Max Height and Angle of Cannon in 12 m/s Ball Shot with 24J Kinetic Energy

[NewJersey]

A .050-kg ball is shot at a velocity of 12 m/s by an upward-slanting cannon. At its maximun height, the kinetic energy of thew ball is 24J.

a) Tha max. height is?
b) the angel of the cannon to the horizontal is?



I really don't know where to start on this question. If someone can give me the equation I should used, I can go from there. I am thinking that I have to work backwards using the kinetic energy.

 

[NewJersey]

ok, this is what i figured out so far

mgh=1/2mv^2 which m can cancel out gives gh-1/2v^2 which can give me h which is

h= v^2/2g which I can solve for is 12^2/ 2*9.87m/s = 7.3m

is this right?

 

[Shooting Star]

If b is the angle in radians of the cannon to the horizontal, then the initial velos ux=12cos b,and uy = 12sin b. The horznt comp ux = vx remains const. At the highest pt, all the kinetic energy is just 0.5*m*vx^2, which gives you vx^2.
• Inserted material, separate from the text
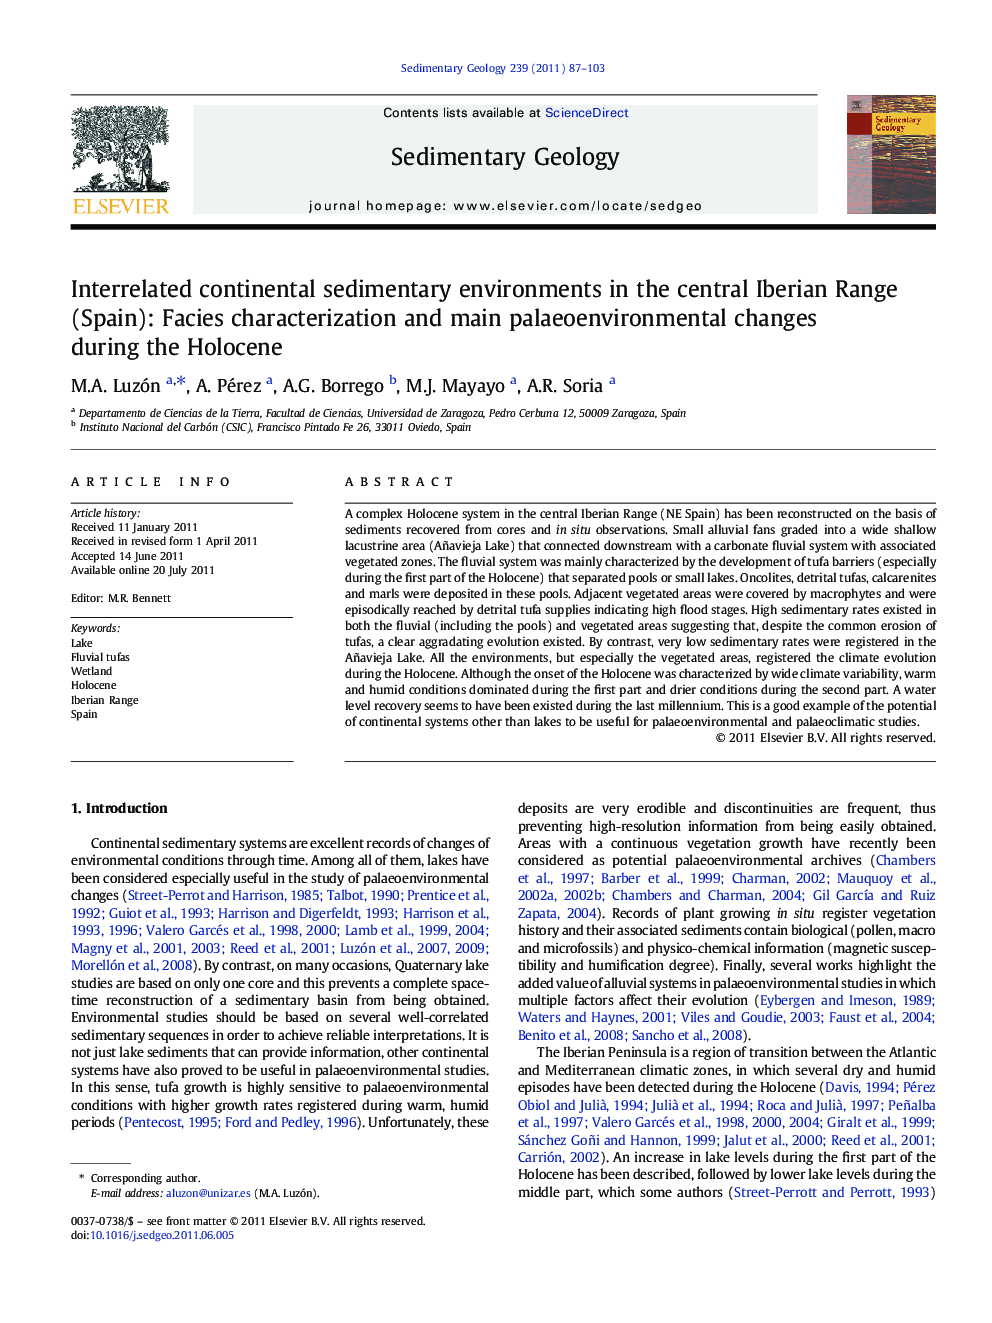 Interrelated continental sedimentary environments in the central Iberian Range (Spain): Facies characterization and main palaeoenvironmental changes during the Holocene

From that, you can find uy^2, by considering the initial speed.

If initial vert velo is known, you can find the max height, and tan b can be found from uy and ux.

I have perhaps given too much of detail.

 

[NewJersey]

ok, i found the max height already, and it was 7.3.

So I think you are saying that using that i can find the angle b , using what equation?

 

[NewJersey]

Ok ,
what about this equation
24J= 12cos(degree)

can i set it up like this to find the answer , if so is the answer 66degrees.

 

[Shooting Star]

ok, i found the max height already, and it was 7.3.

So I think you are saying that using that i can find the angle b , using what equation?

That's not correct. (Check the data you have given -- doesn't make sense.)

Did you understand what I had said in my earlier post? If not, tell me which portion you didn't understand. I think you should thoroughly revise projectile motion once before attempting problems.